A coordinated national strategy could bring together:

  • Sector Education and Training Authorities (SETAs);
  • Occupational education and training providers;
  • Universities;
  • TVET Colleges;
  • Community Education and Training Colleges;
  • Research councils;
  • Youth development agencies;
  • Municipalities;
  • Public health institutions;
  • Traditional leadership structures;
  • Professional bodies; and
  • Indigenous Knowledge Systems stakeholders.

Through such partnerships, stakeholders could support learnerships, internships, mentorship programmes, entrepreneurship incubation initiatives, digital health projects, research collaborations, community health promotion campaigns, and youth leadership development programmes.

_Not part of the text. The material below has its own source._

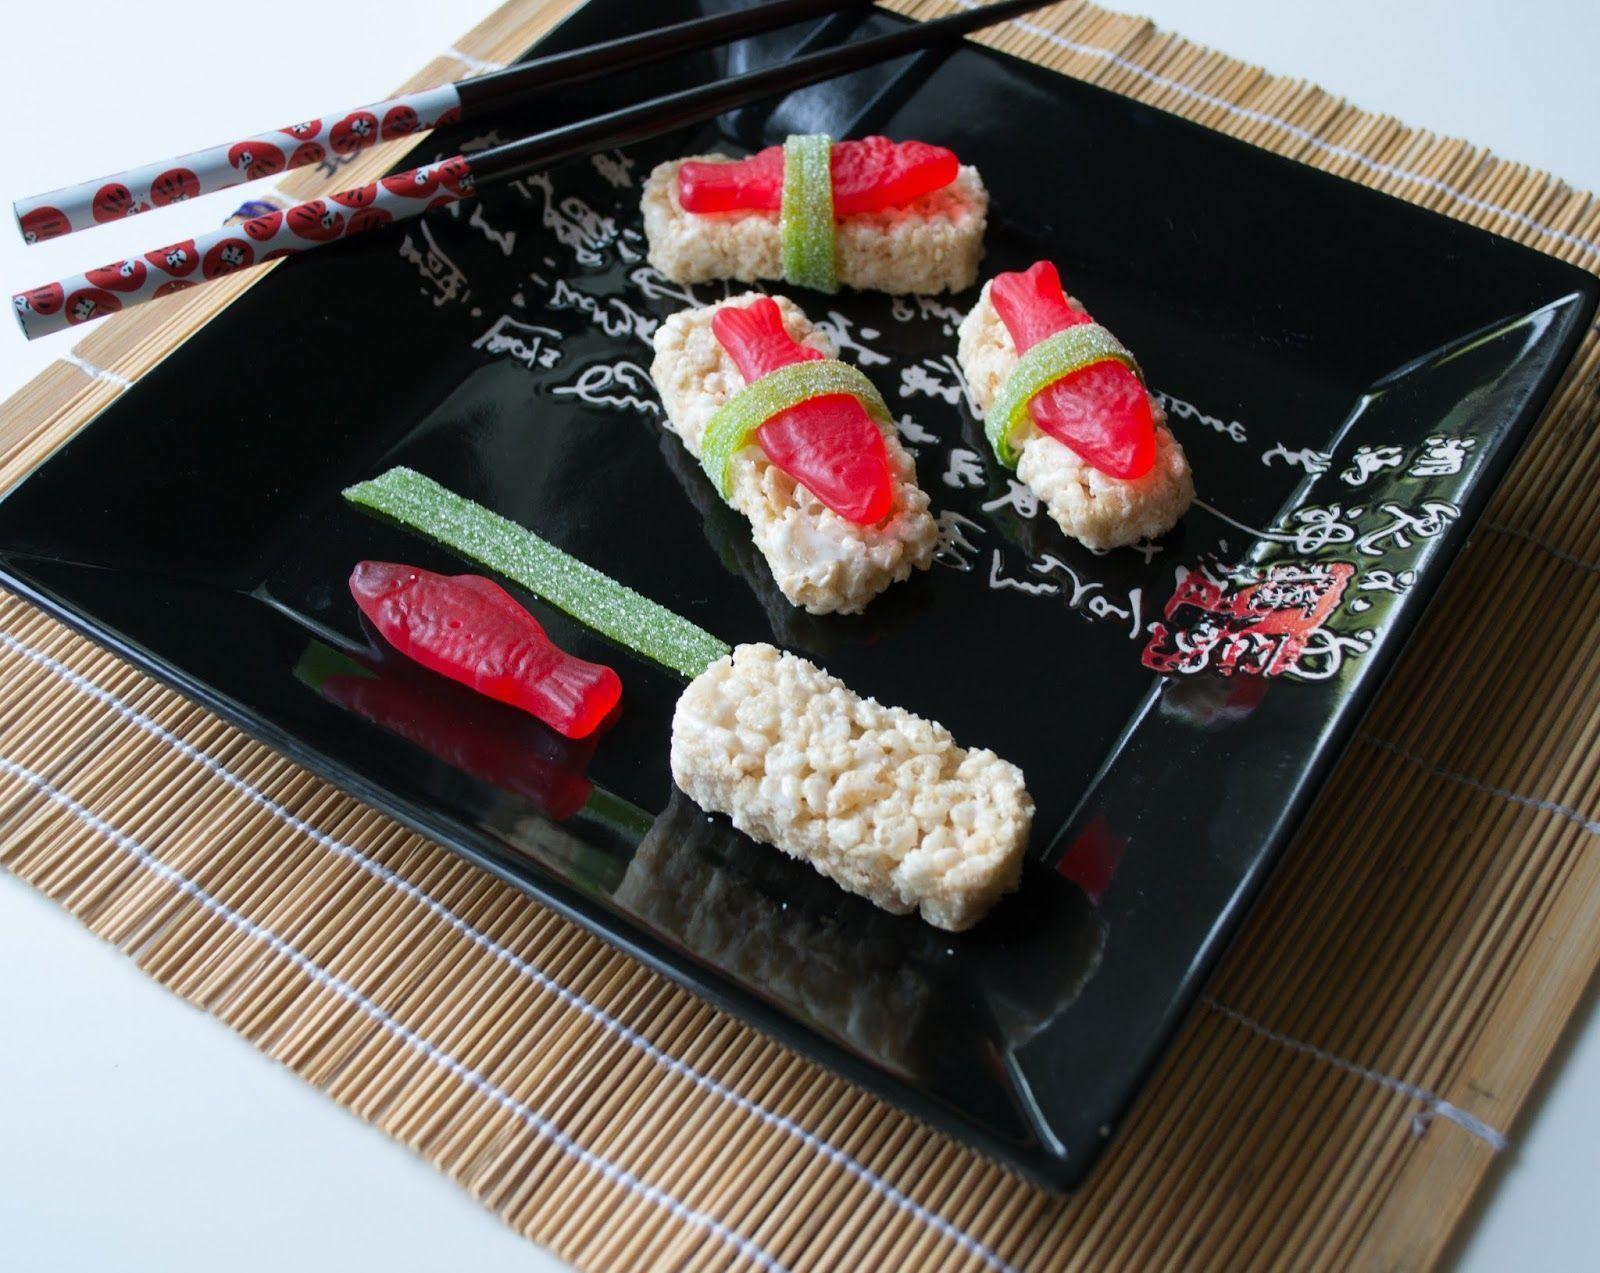 Easy Candy Sushi! #candysushi Easy Candy Sushi! #candysushi Easy Candy Sushi! #candysushi Easy Candy Sushi! #candysushi Easy Candy Sushi! #candysushi Easy Candy Sushi! #candysushi Easy Candy Sushi! #candysushi Easy Candy Sushi! #candysushi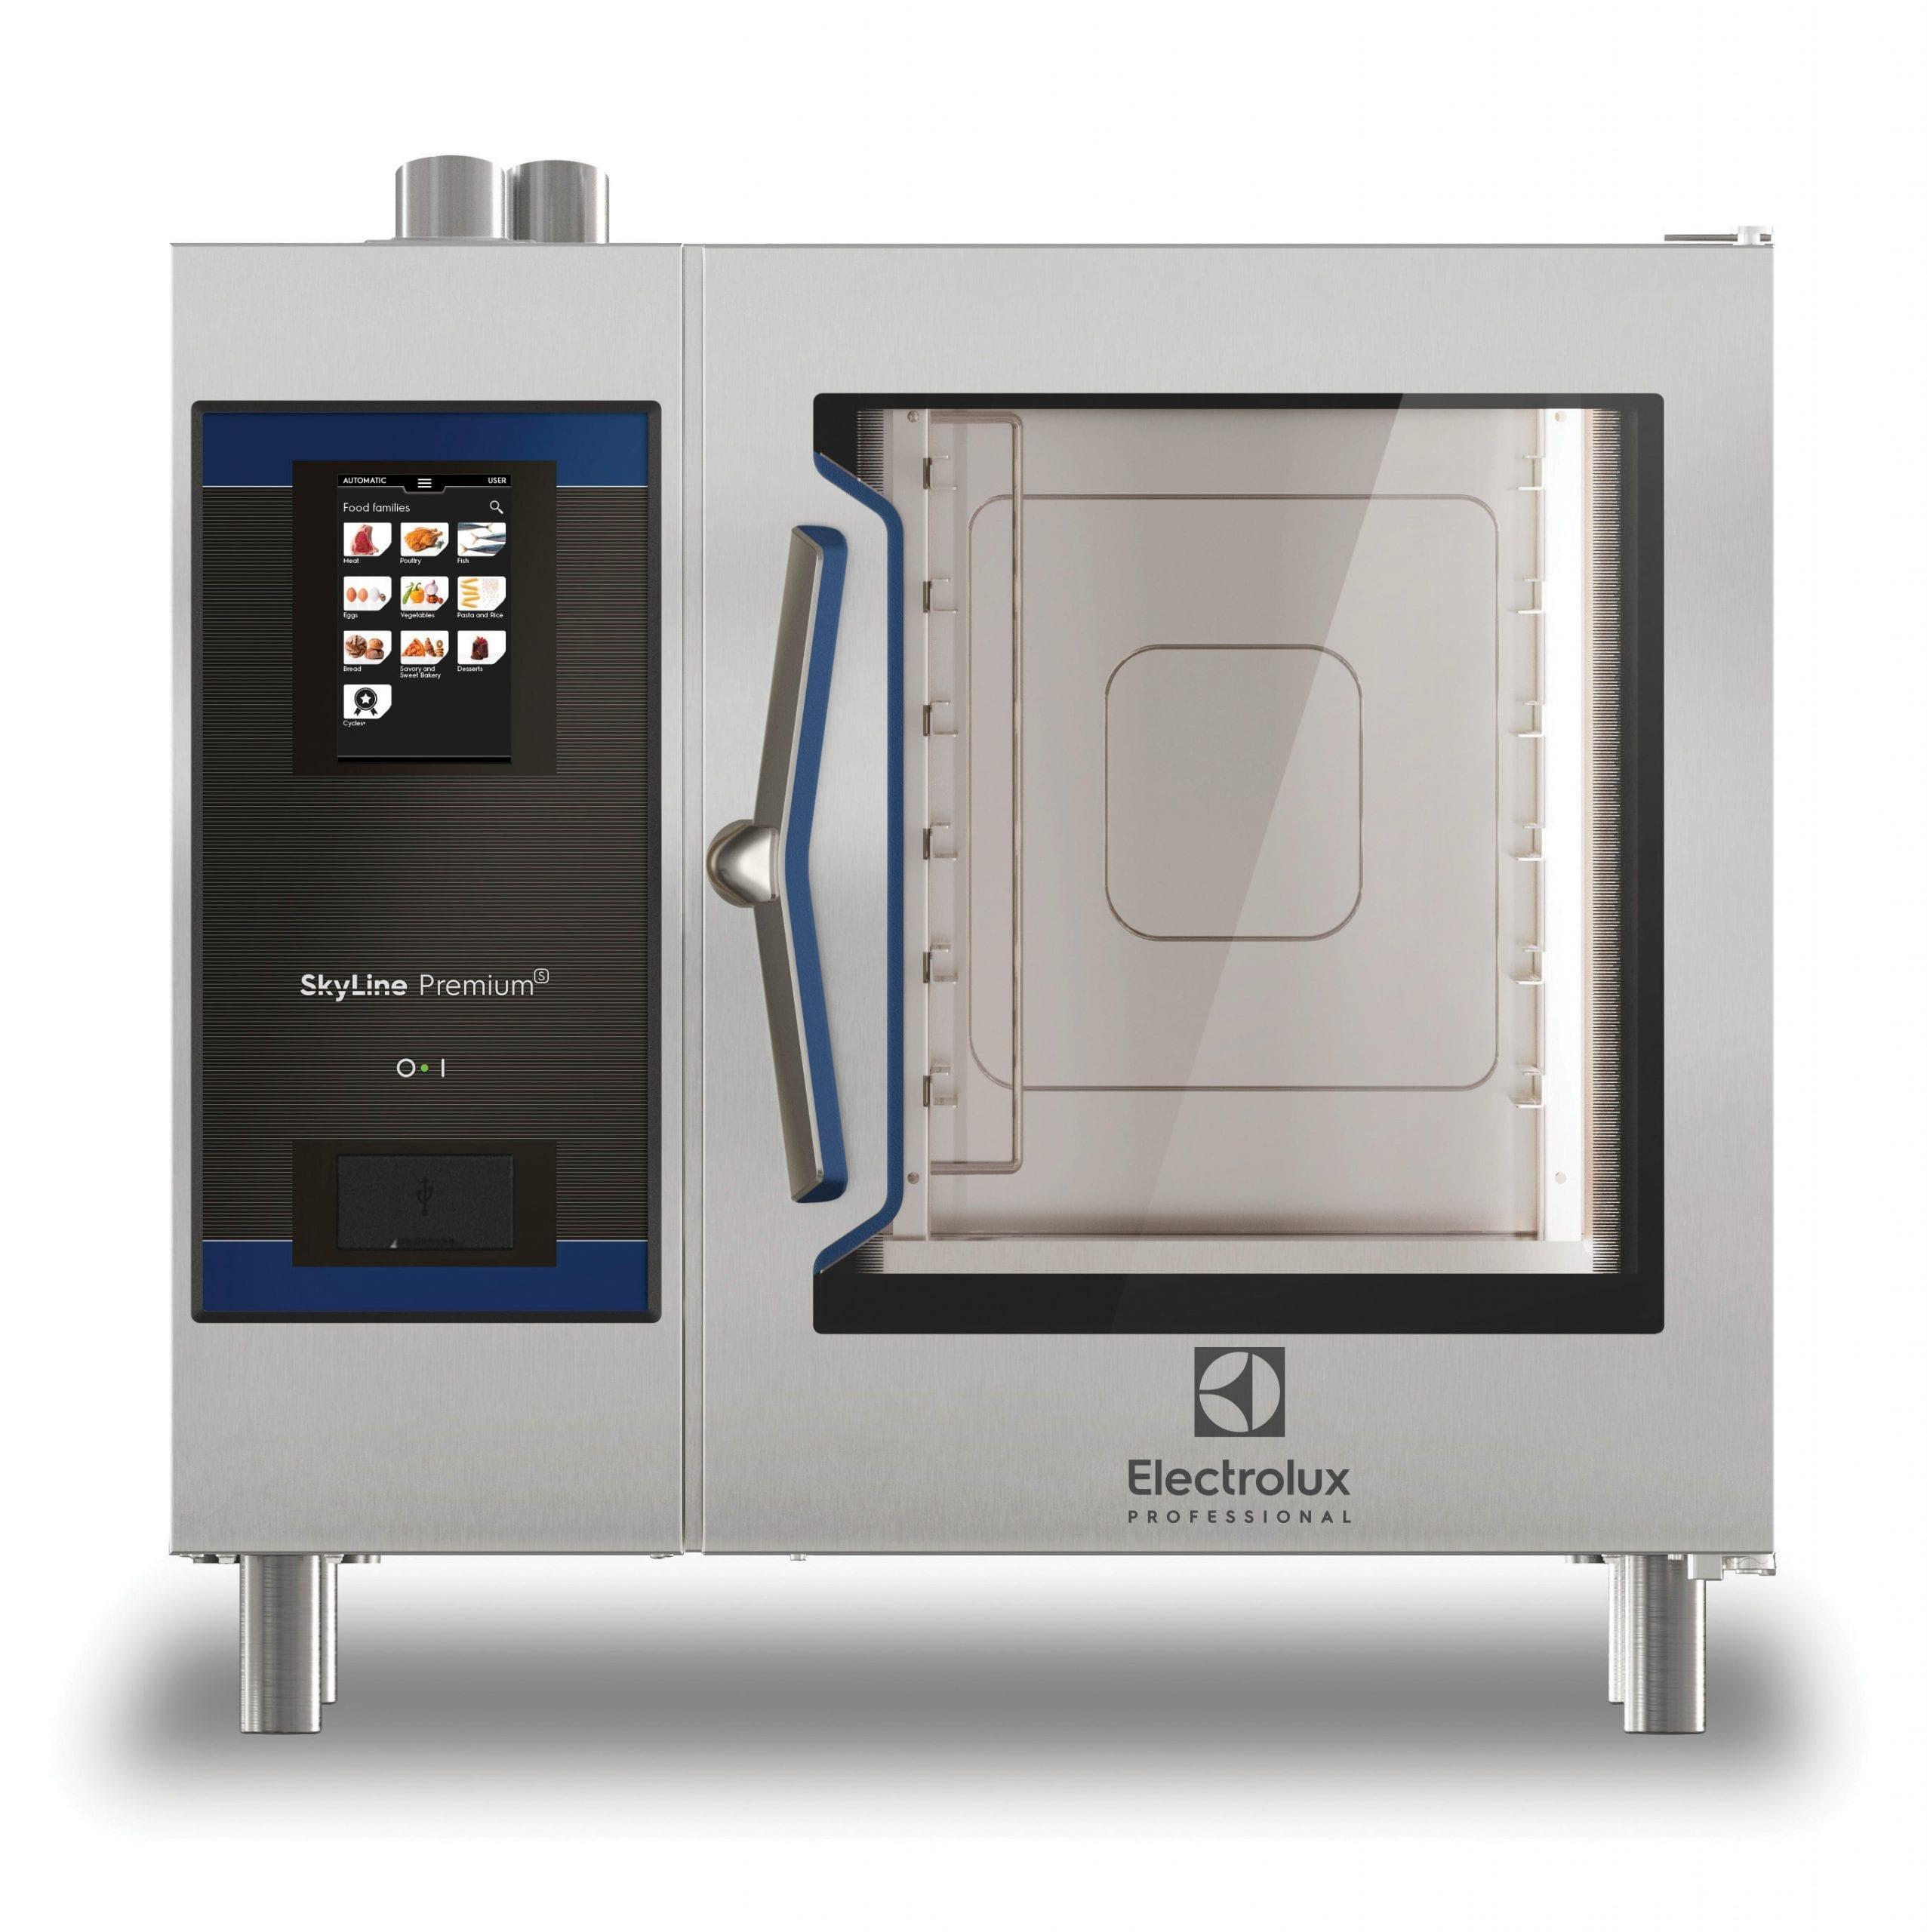 Combi Oven Skyline Pro S 6 GN 2/1 Image

The issue is not whether these partnerships are possible.

Rather, the question is why they remain the exception instead of becoming standard practice.

From commemoration to action

The generation of 1976 confronted a system that restricted opportunity through exclusion.

Today’s challenge is different.

Many young Traditional Health Practitioners are not excluded by law.

Instead, they are excluded through invisibility.

They exist between systems.

Recognised, but not fully integrated.

Present, but not always counted.

Active, yet too often classified as inactive.

This Youth Month, South Africa should ask a simple but important question:

How many young Traditional Health Practitioners are currently classified as NEET because our systems have not yet learned how to recognise the value of what they do?

The answer may reveal one of the country’s most overlooked opportunities for youth development, employment creation, skills development, and community empowerment.

If we are serious about reducing youth unemployment, strengthening community health systems, preserving Indigenous Knowledge Systems, and expanding pathways to economic participation, then Traditional Health Practice cannot remain at the margins of the conversation.

After all, the future of youth development in South Africa will not be built solely through universities, colleges, and workplaces.

It will also be built in communities.

Through mentorship.

Through apprenticeship.

Through Indigenous Knowledge Systems.

Through entrepreneurship.

And through professions that sustained generations long before the modern state emerged.

This Youth Month should therefore challenge us to move beyond recognition.

The next frontier is inclusion.

The next frontier is mobility.

The next frontier is parity.

And young Traditional Health Practitioners deserve to be part of that future.

Jameo Calvert
Jameo Calvert

Ngaka Tshabadira Mokoena oa Nkopane oa Mathunya (Dr Thabiso Edison Jameo Calvert, SC-THP(SA), D.THSc.) is President of THPASA and a South African Indigenous Health Scientist with more than 14 years of professional practice in African Traditional Medicine. He writes on Indigenous Health Sciences, traditional health policy, practitioner development, and the role of African knowledge systems in healthcare, education, and society.